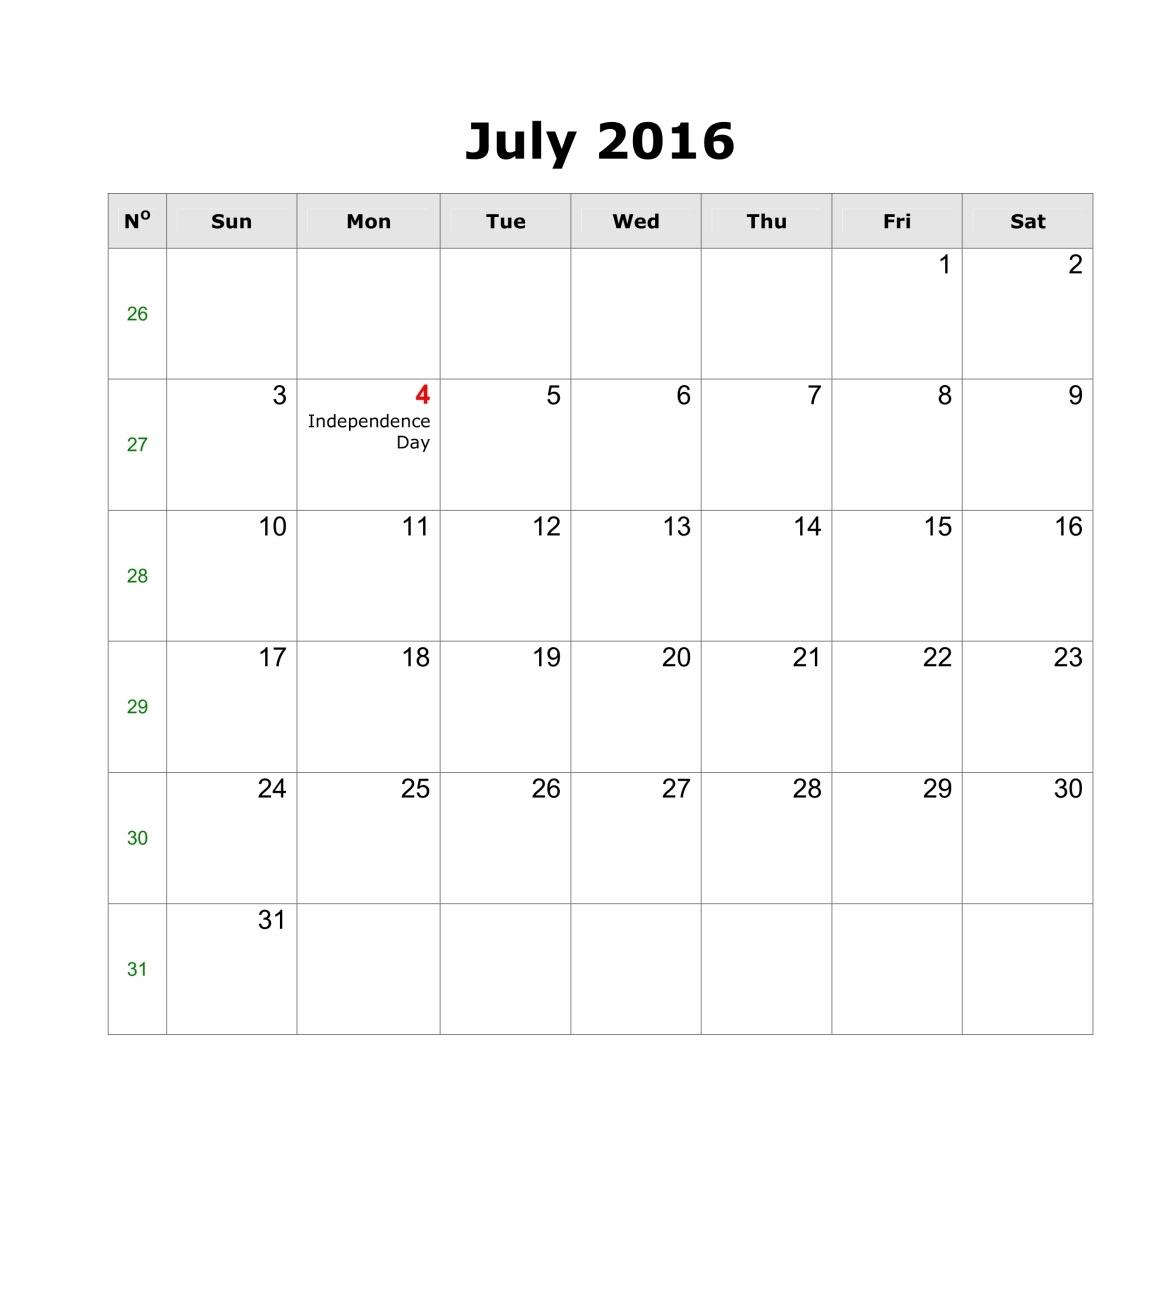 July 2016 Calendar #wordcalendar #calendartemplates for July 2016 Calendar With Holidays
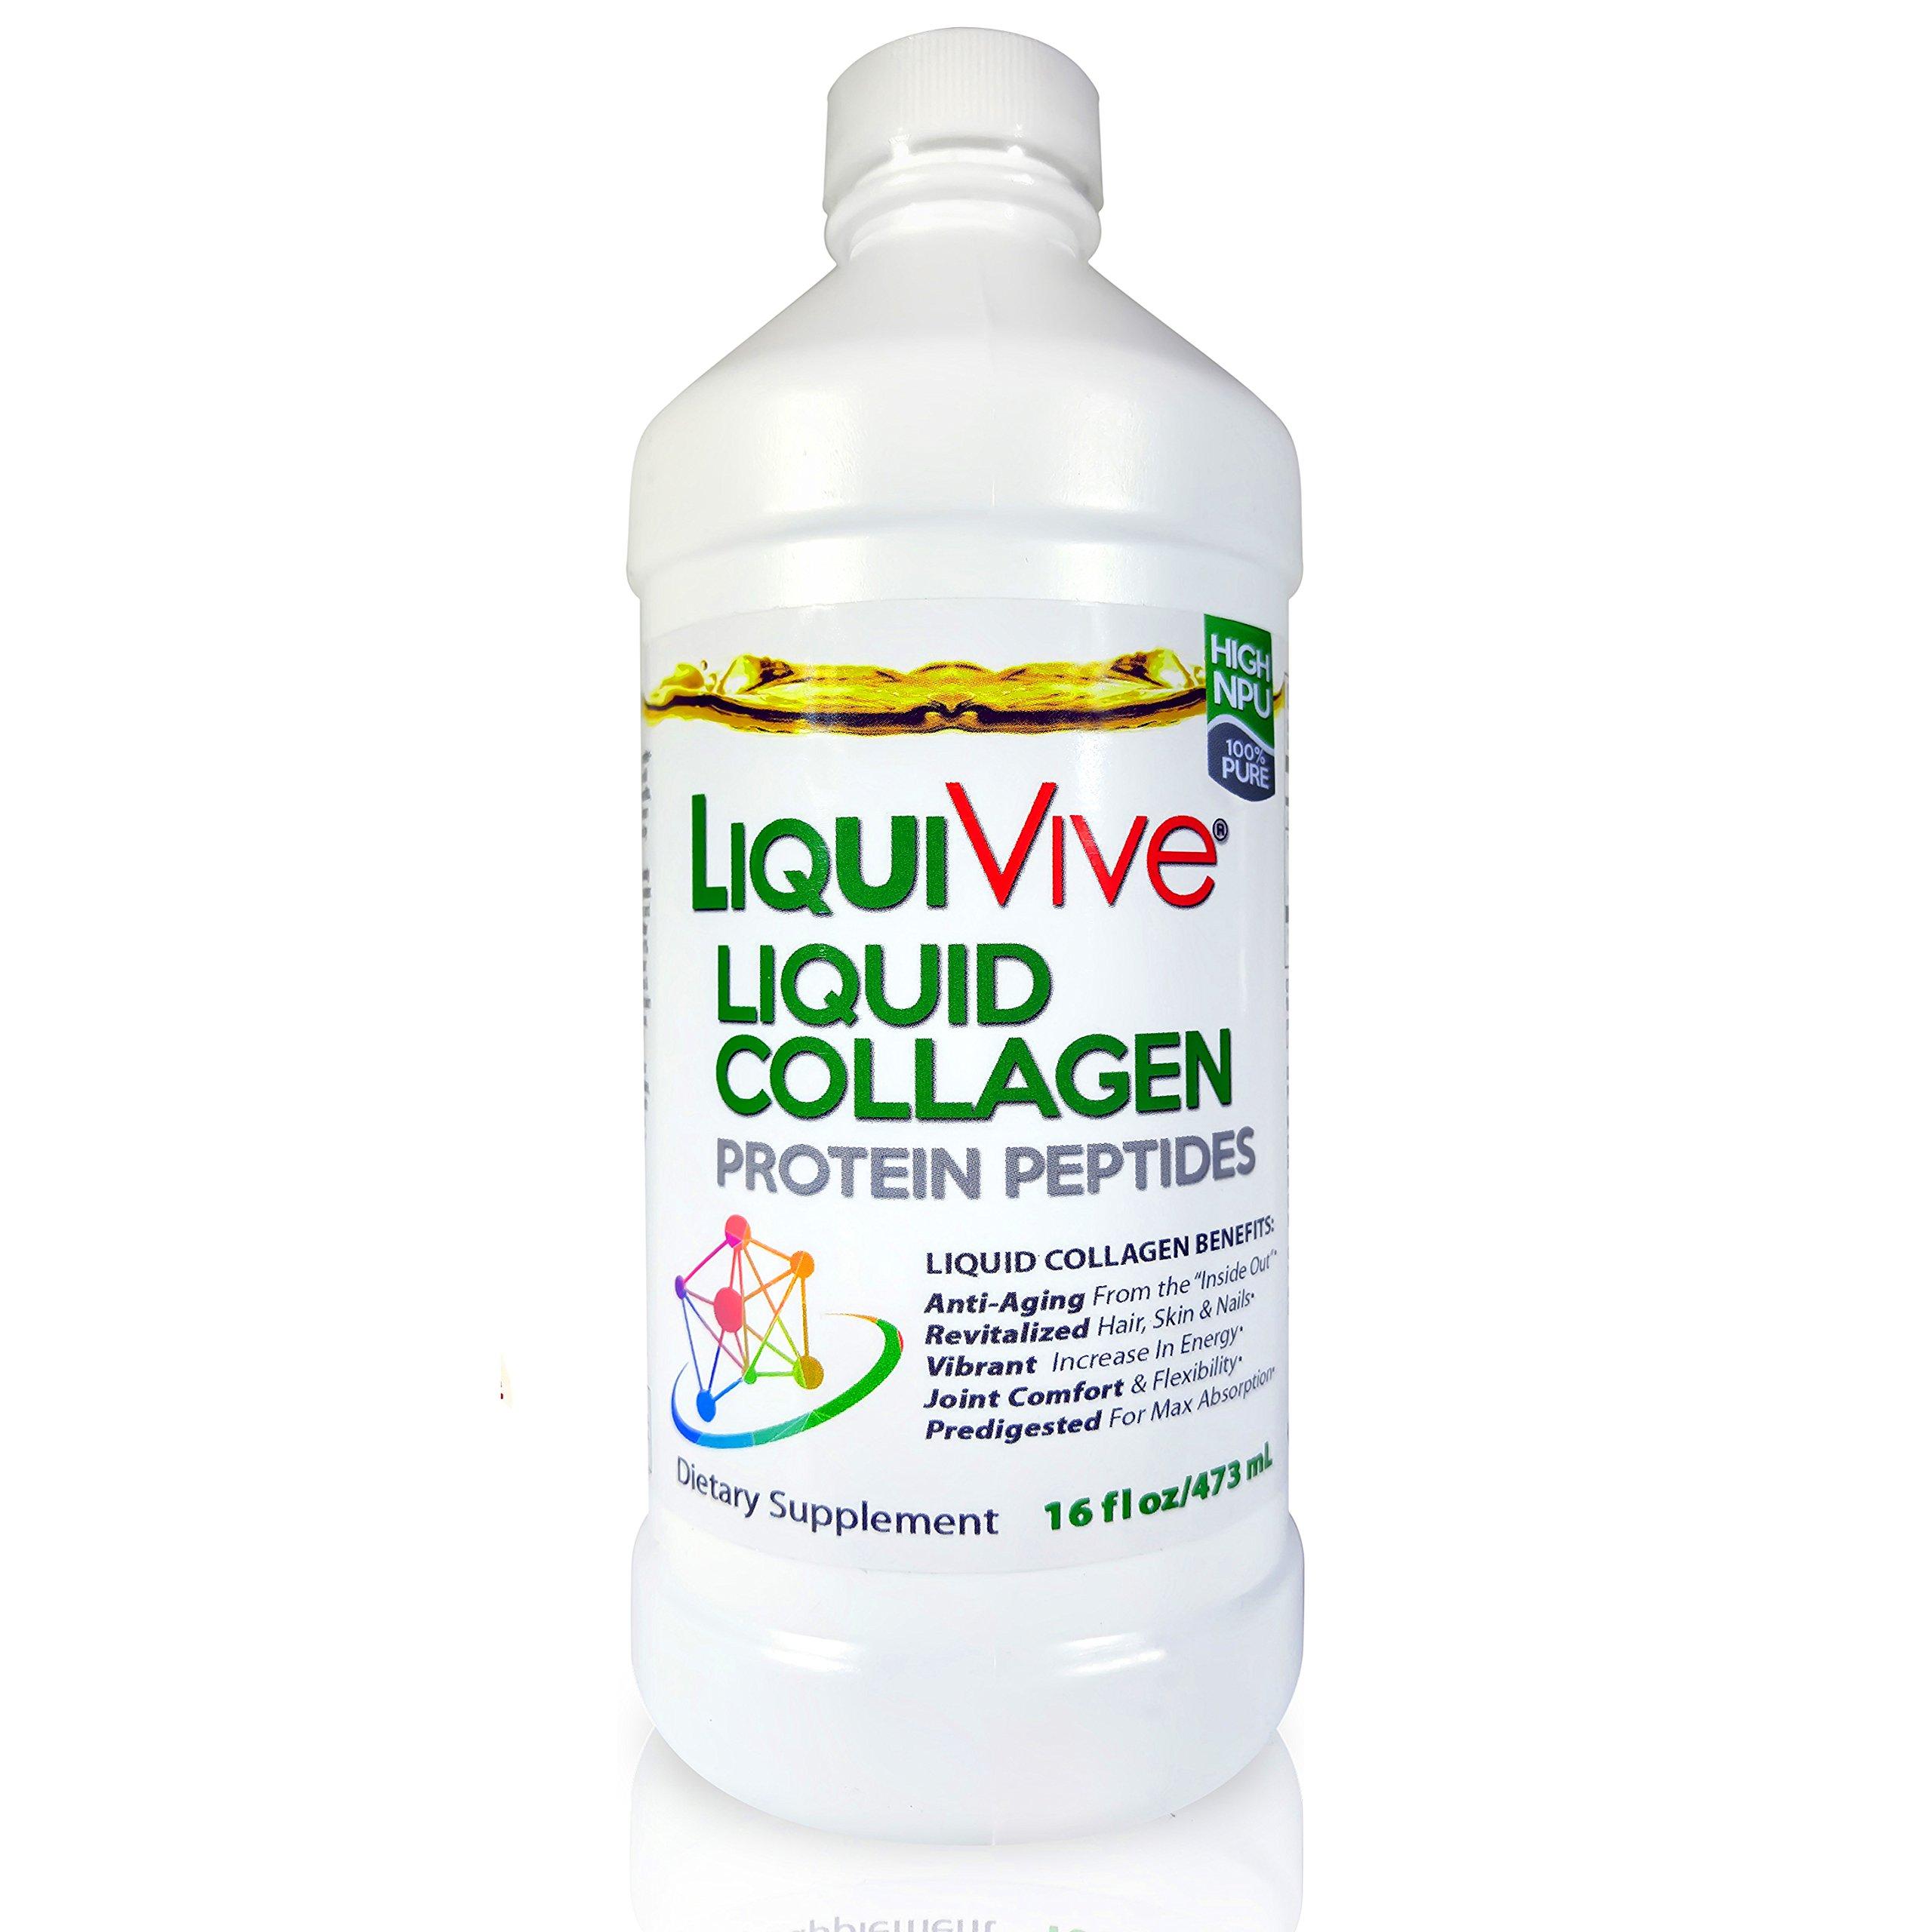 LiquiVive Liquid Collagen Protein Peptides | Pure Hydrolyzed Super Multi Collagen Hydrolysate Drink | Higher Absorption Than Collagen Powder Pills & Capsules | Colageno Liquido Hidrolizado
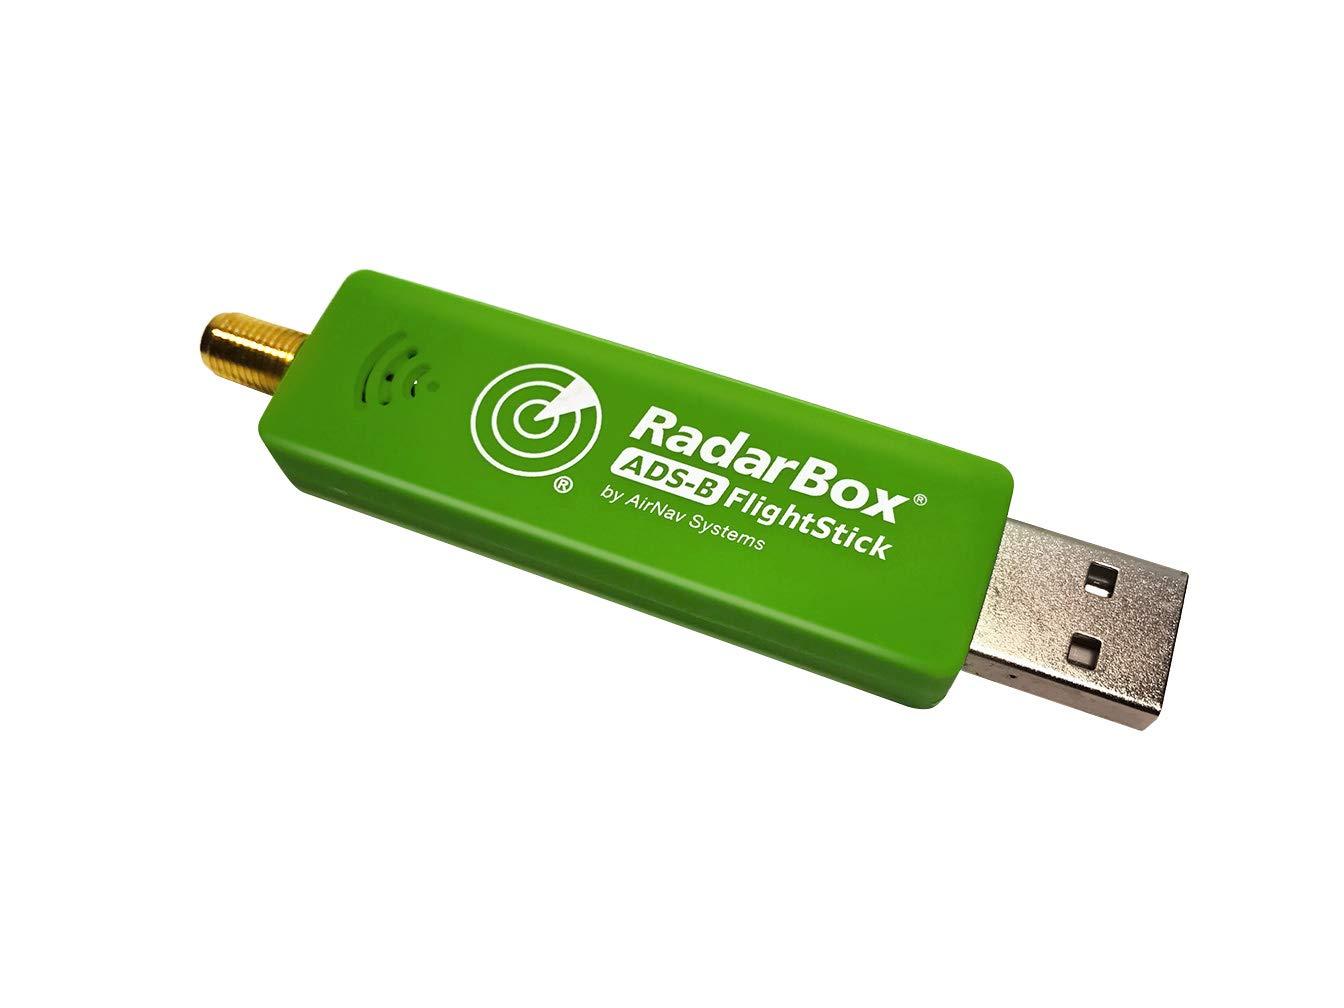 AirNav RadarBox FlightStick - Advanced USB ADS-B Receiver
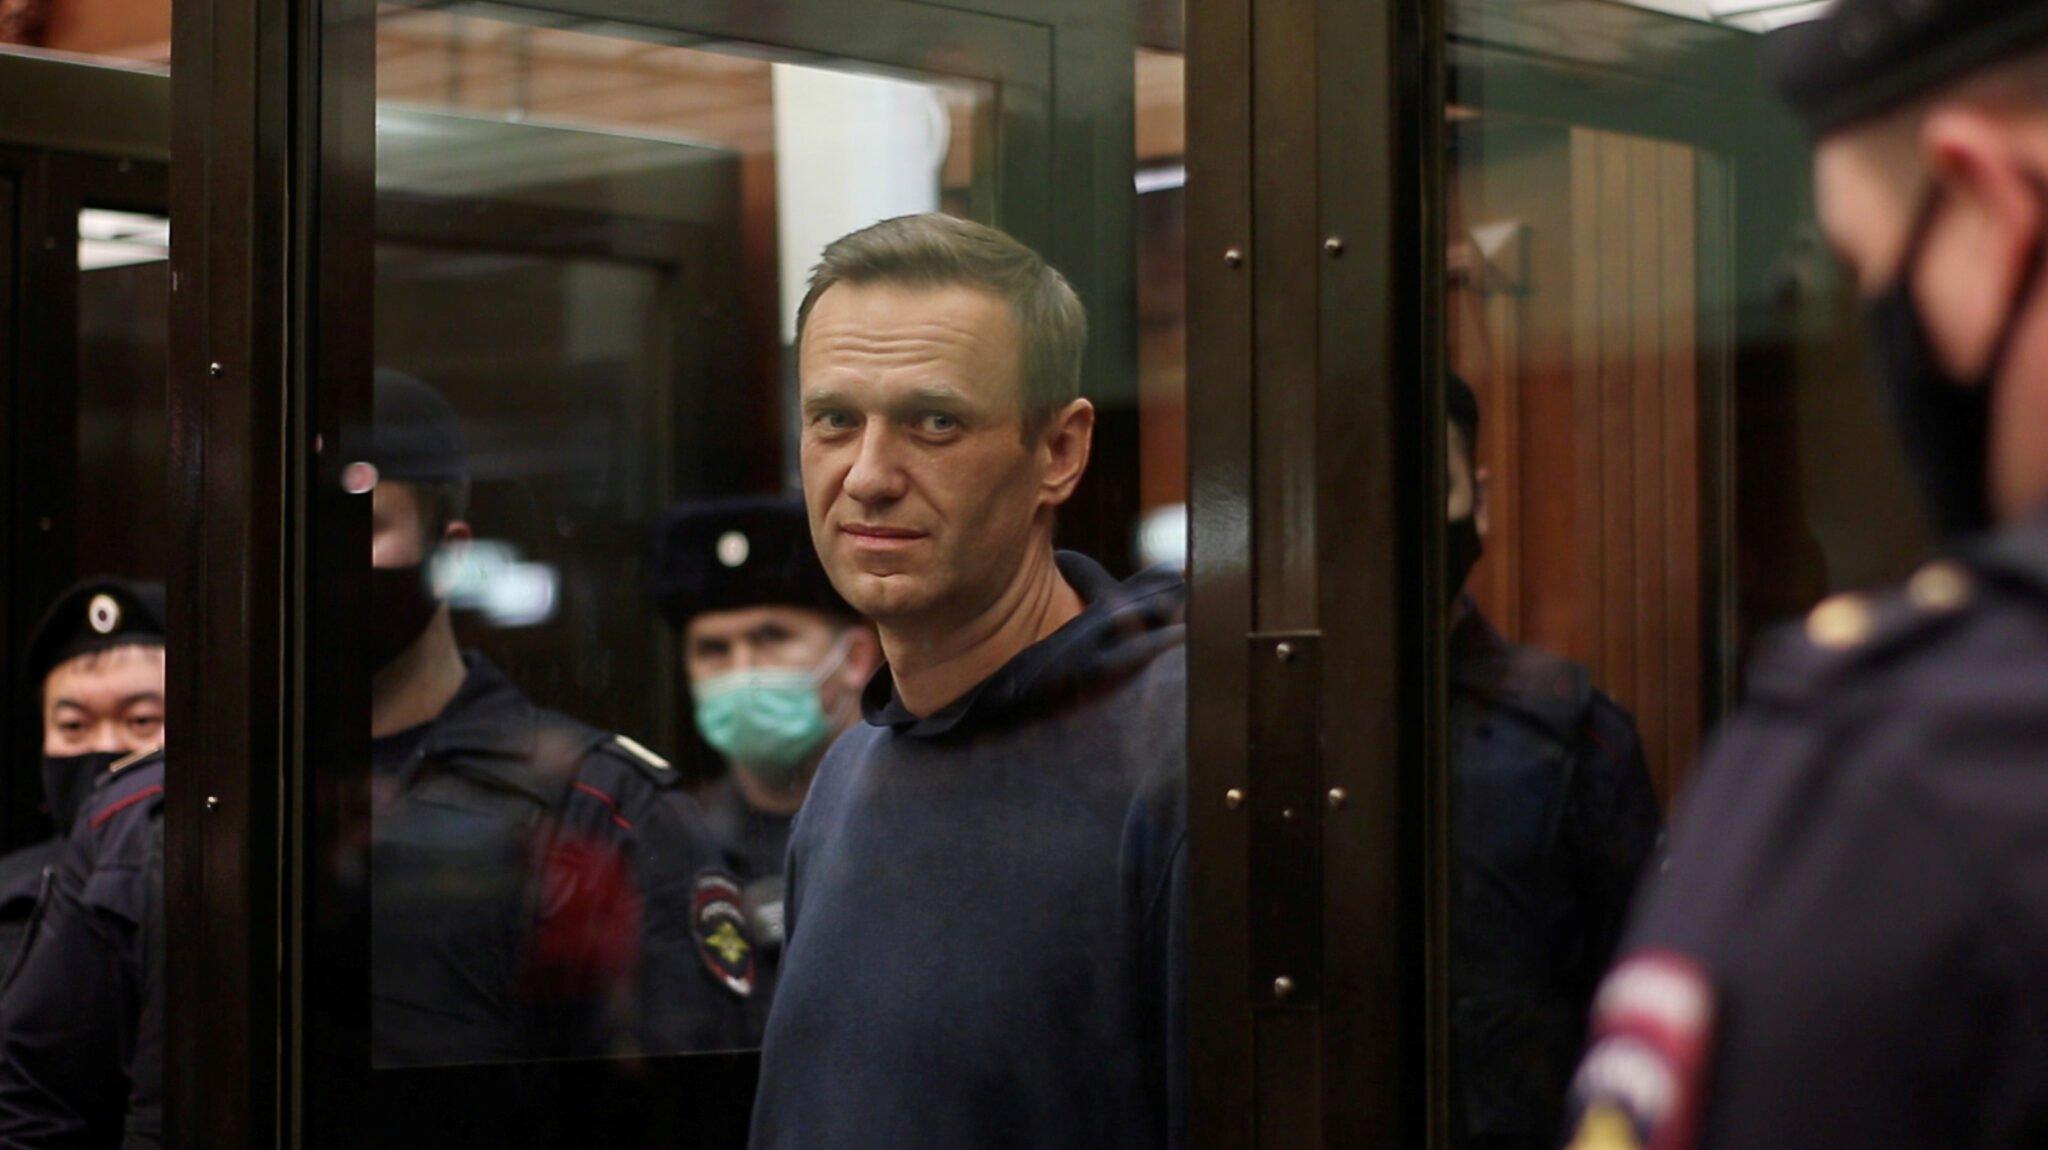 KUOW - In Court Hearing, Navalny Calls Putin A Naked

» **Exercise**: Each line from the one holding "AirNav RadarBox FlightStick" through the end of the listing is to be output exactly, both ends included, with no other lines and the pictures left out.

» **Response below**:
 AirNav RadarBox FlightStick - Advanced USB ADS-B Receiver
 KUOW - In Court Hearing, Navalny Calls Putin A Naked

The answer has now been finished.